== Segment start ==

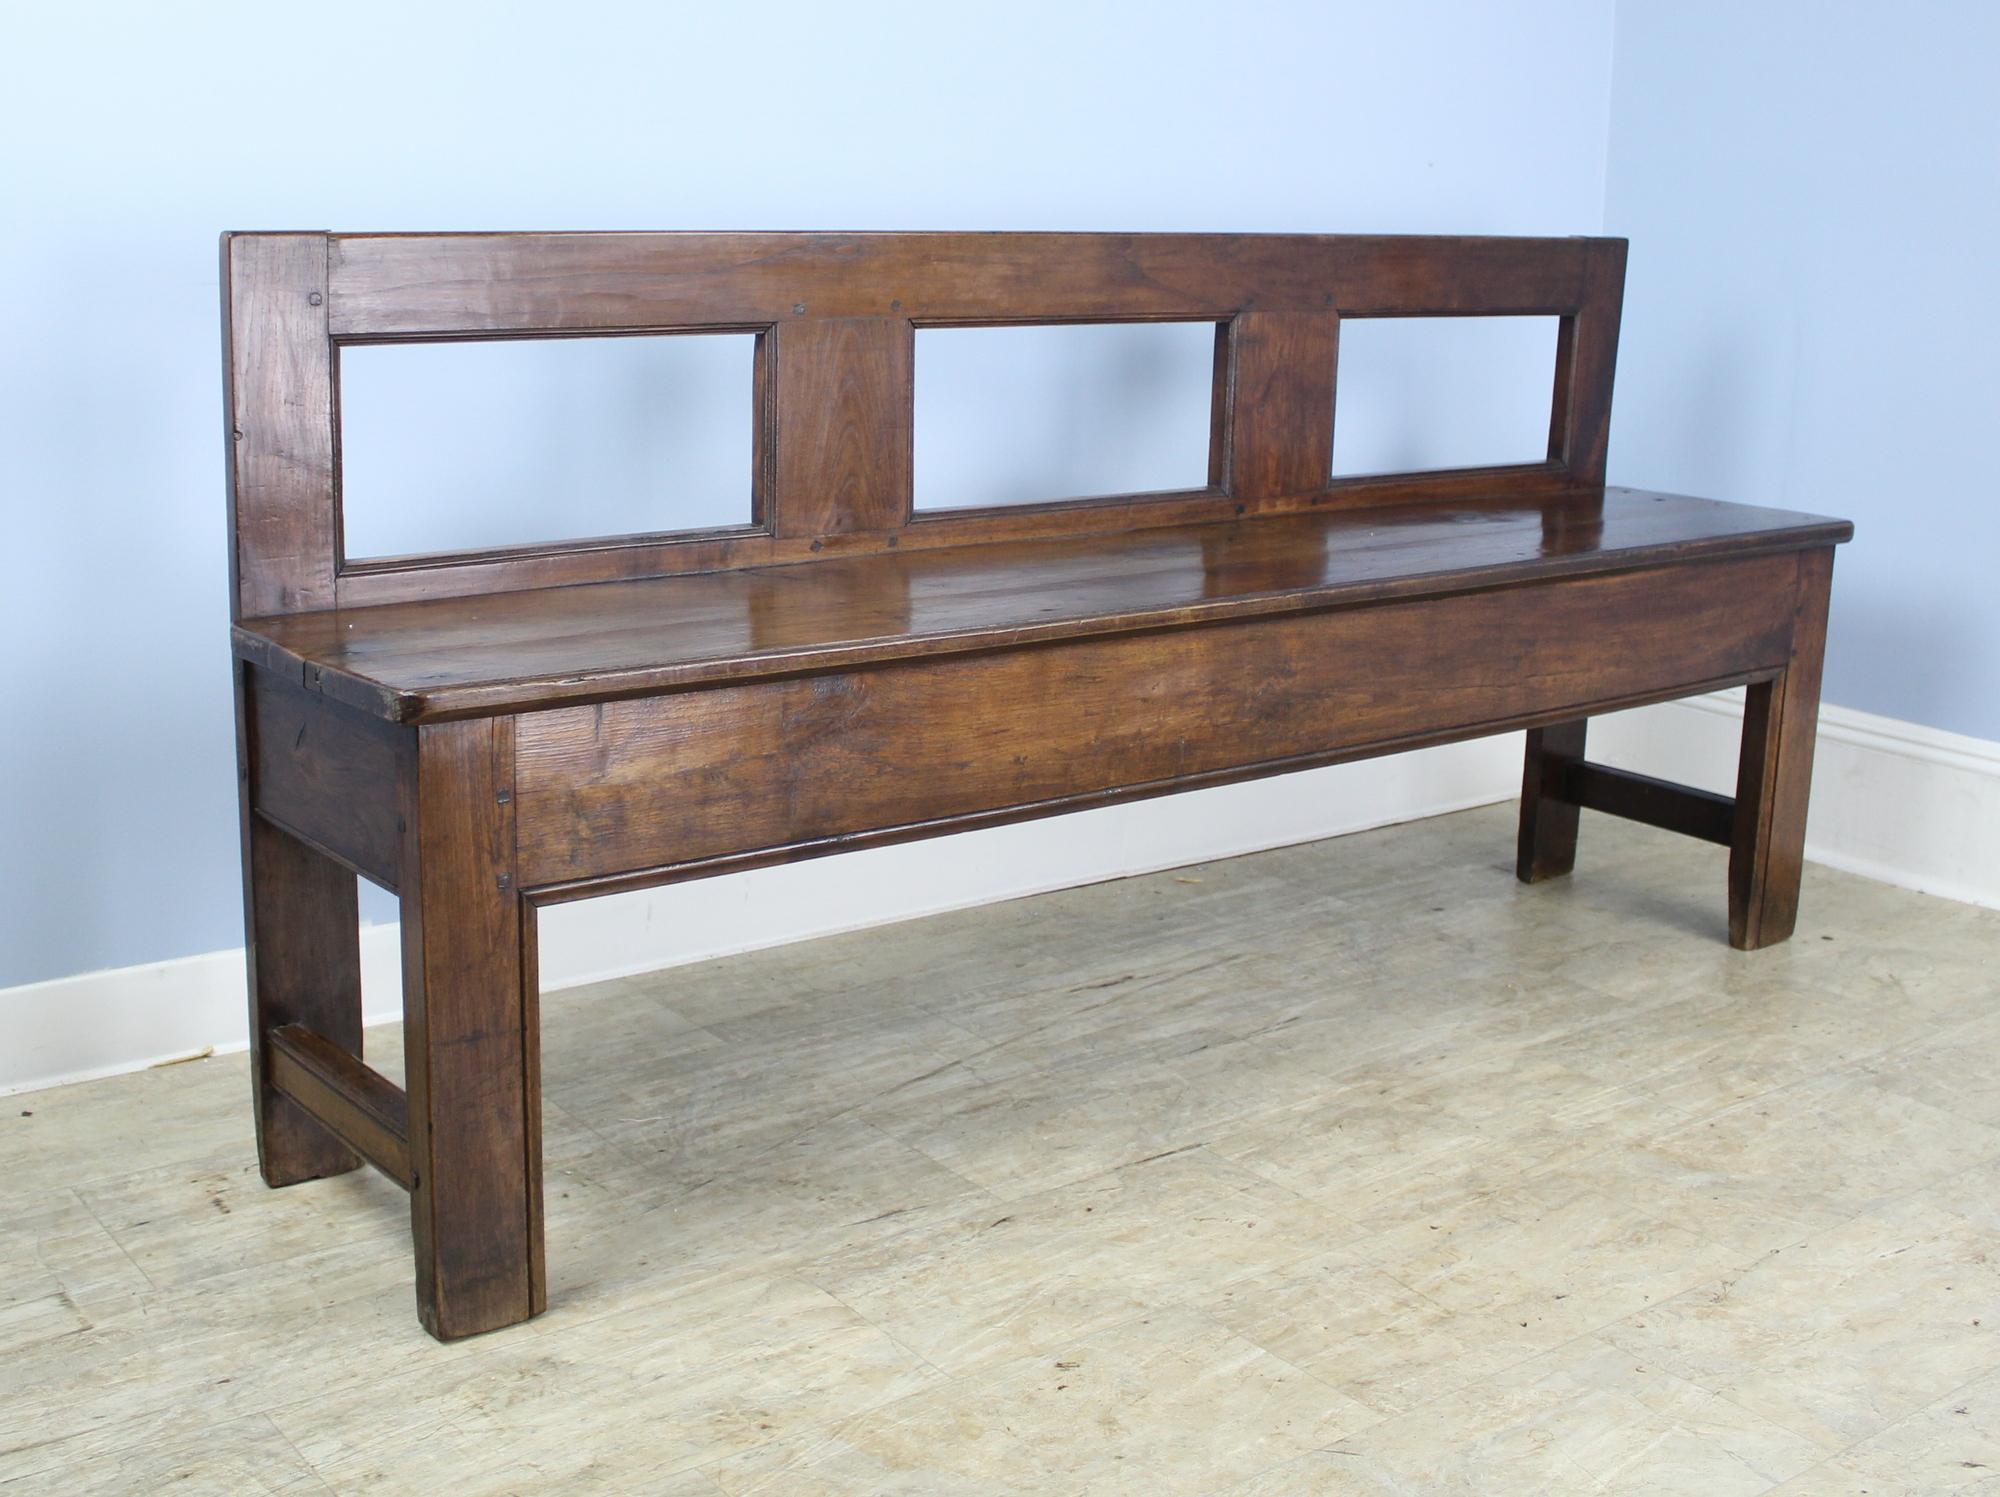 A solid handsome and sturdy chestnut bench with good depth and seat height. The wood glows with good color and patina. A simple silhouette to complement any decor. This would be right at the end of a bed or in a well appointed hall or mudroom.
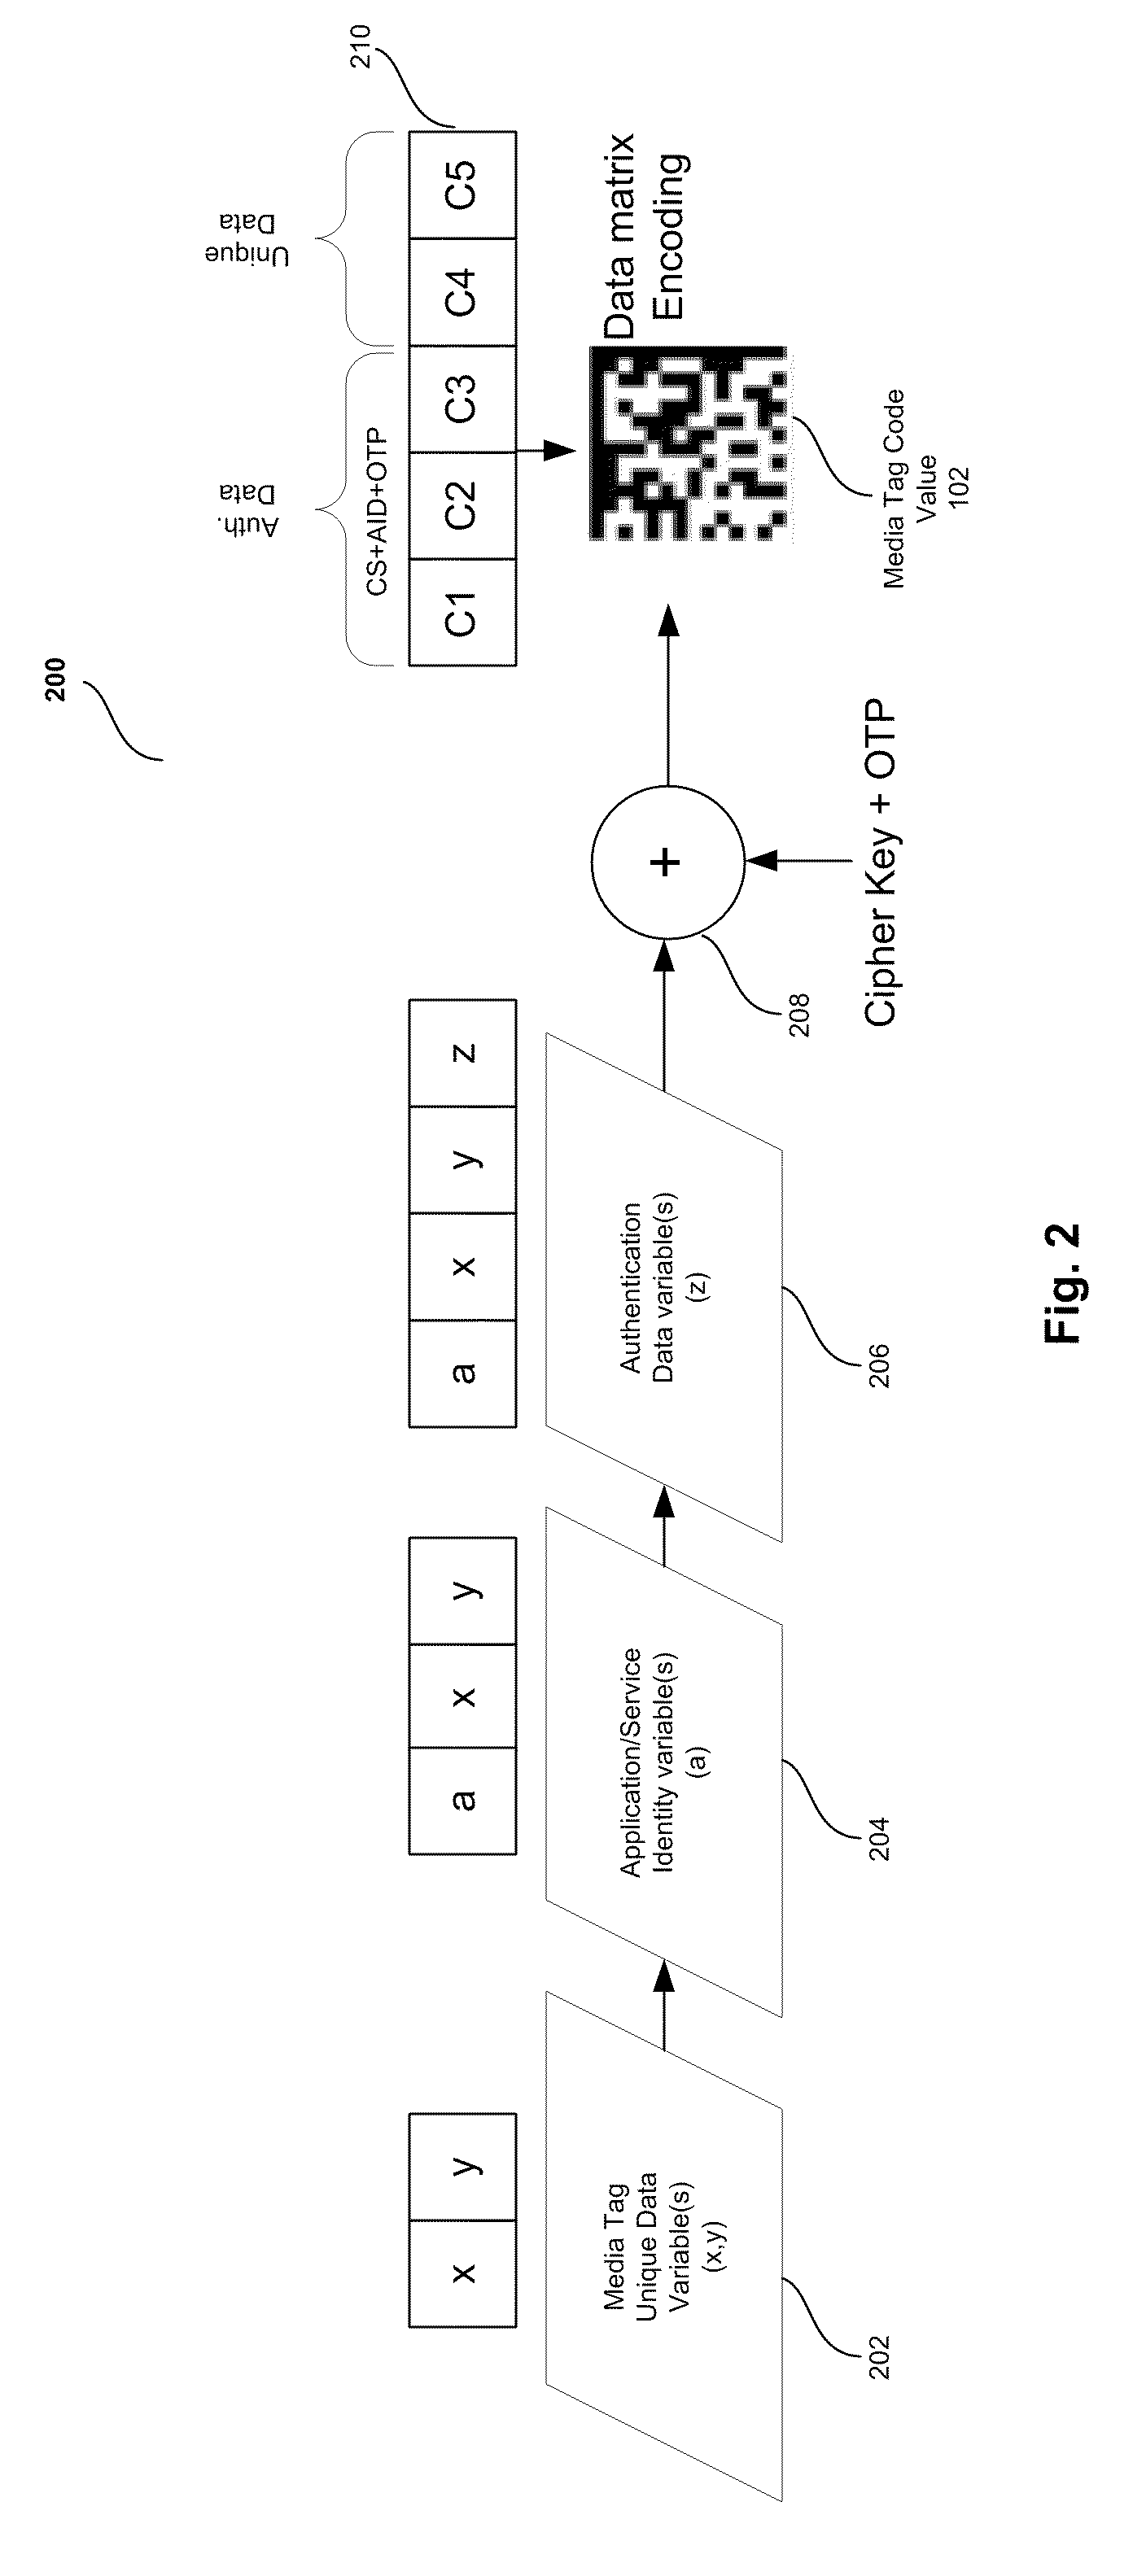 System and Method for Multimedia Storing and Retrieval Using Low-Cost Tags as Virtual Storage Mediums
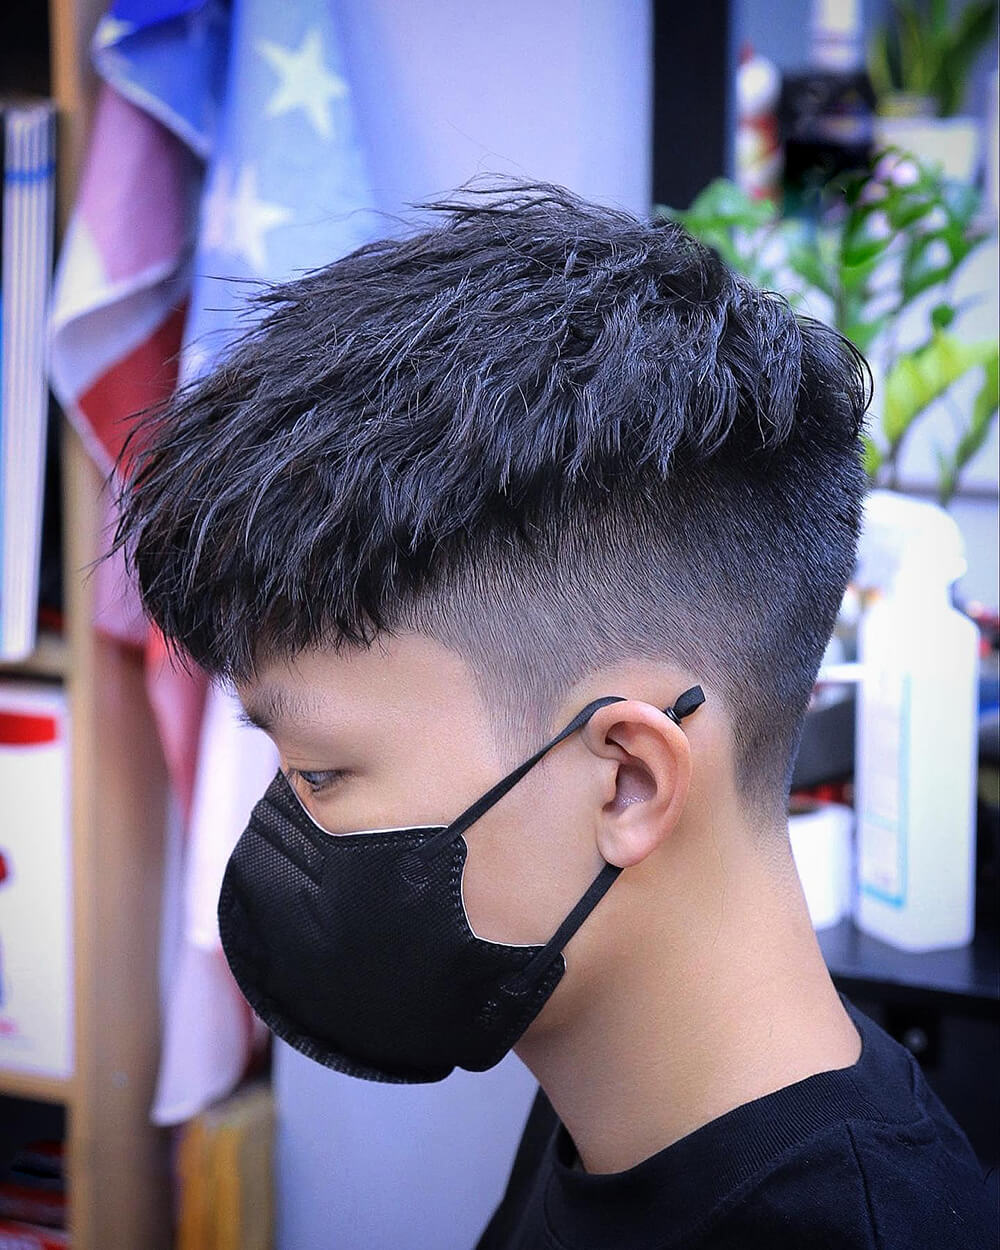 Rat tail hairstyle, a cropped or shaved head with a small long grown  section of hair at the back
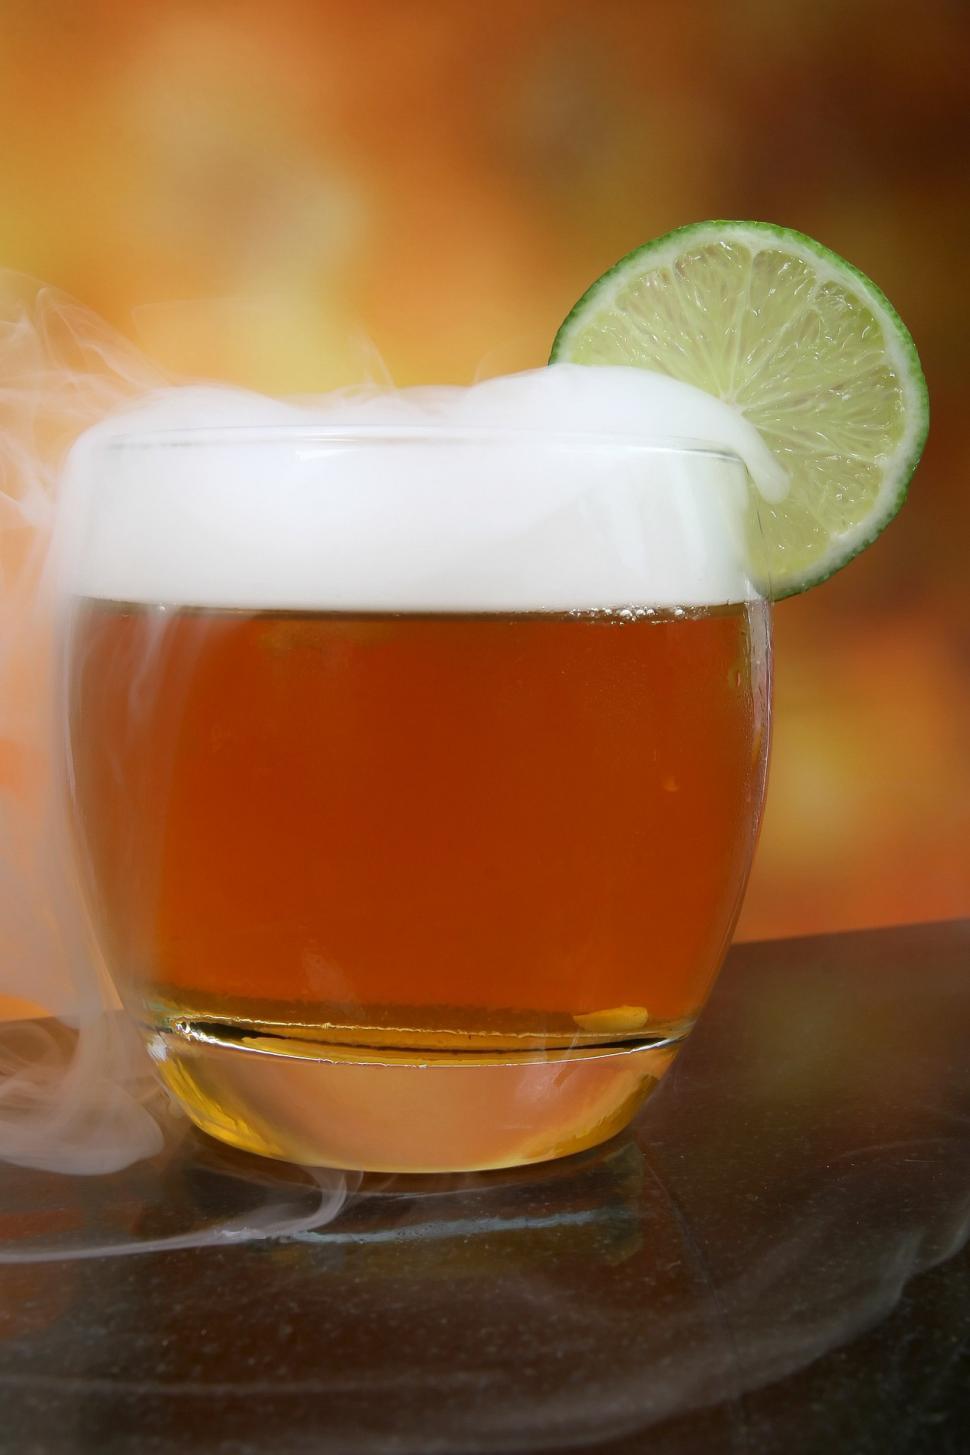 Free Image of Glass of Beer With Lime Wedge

== Segment end ==

**ABOUT THIS EXERCISE**
The data is to be returned exactly as it stands, pictures aside.

**RESULT OF THIS EXERCISE**
 A solid handsome and sturdy chestnut bench with good depth and seat height. The wood glows with good color and patina. A simple silhouette to complement any decor. This would be right at the end of a bed or in a well appointed hall or mudroom.
 System and Method for Multimedia Storing and Retrieval Using Low-Cost Tags as Virtual Storage Mediums
 Rat tail hairstyle, a cropped or shaved head with a small long grown  section of hair at the back
 Free Image of Glass of Beer With Lime Wedge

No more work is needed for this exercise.